Because in case I need to reboot the remaining working node I won't get
working cluster after that - both nodes will be waiting connection
between them.
That's why I am looking for the solution which could help me to get one
node working in this situation (after reboot).
I've been thinking about some kind of marker which could help a node to
determine a state of the other node.
Like external disk and SCSI reservation command. Maybe you could suggest
another kind of marker?
I am not sure can we use a presents of a file on external SSD as the
marker. Kind of: if there is a file - the other node is alive, if no -
node is dead.

More seriously, that solution is harder than it might seem - which isone reason qdiskd was as complex as it became, and why votequorum is asconservative as it is when it comes to declaring a workable cluster.
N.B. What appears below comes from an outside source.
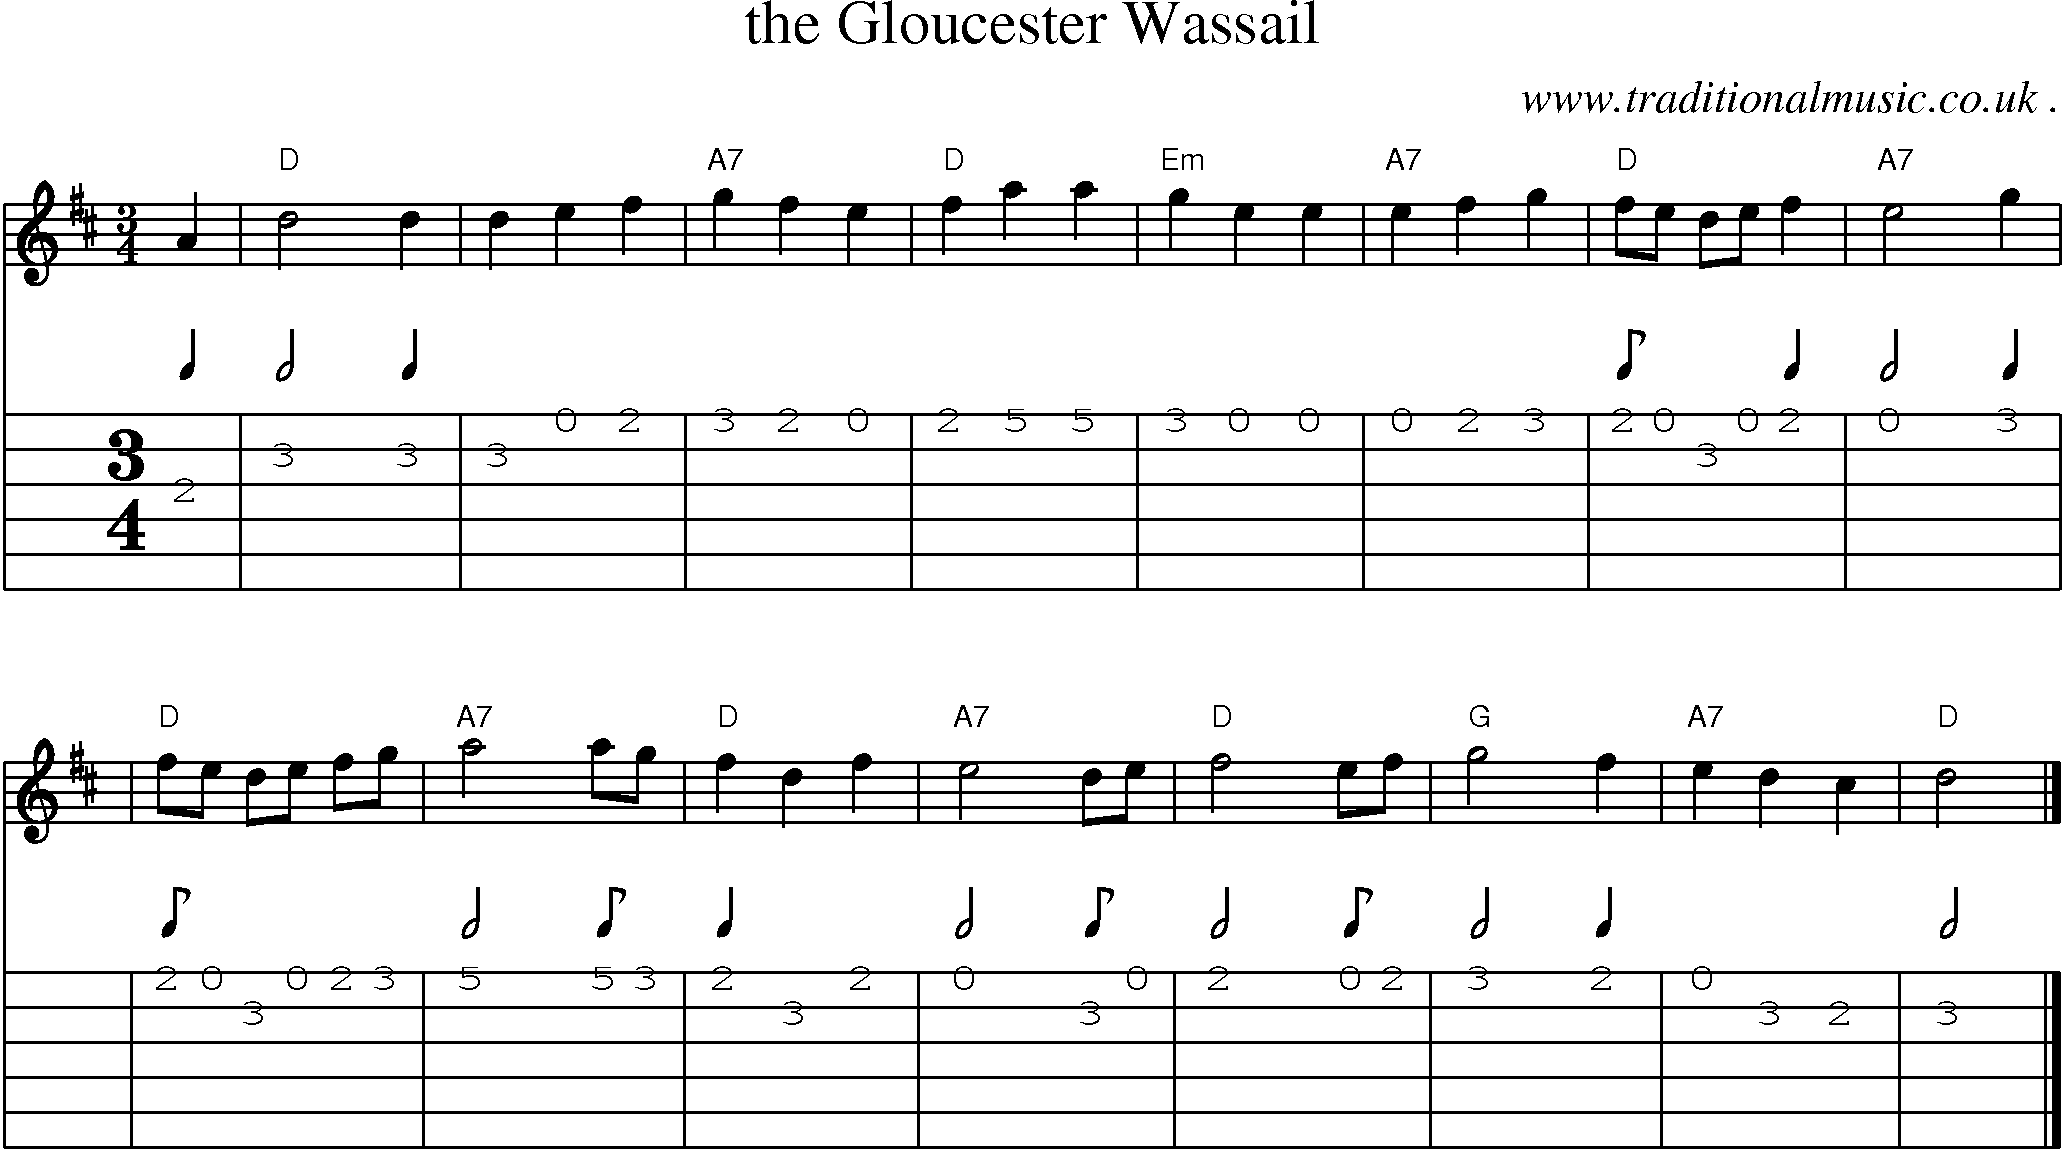 Sheet-music  score, Chords and Guitar Tabs for The Gloucester Wassail

Ifsomeone is there to manually reboot nodes then it might be as well for ahuman decision to be made about which one is capable of running services.


Chrissie

Digimer,

Thanks for the links and information.
Anyway if I go this way, I will write my own daemon to determine a state
of the other node.
Also the information about fence loop is new for me, thanks =)

Thank you,
Kostya


On Tue, Jun 24, 2014 at 10:55 AM, Christine Caulfield
<ccaul...@redhat.com <mailto:ccaul...@redhat.com>> wrote:

    On 23/06/14 15:49, Digimer wrote:

        Hi Kostya,

            I'm having a little trouble understanding your question, sorry.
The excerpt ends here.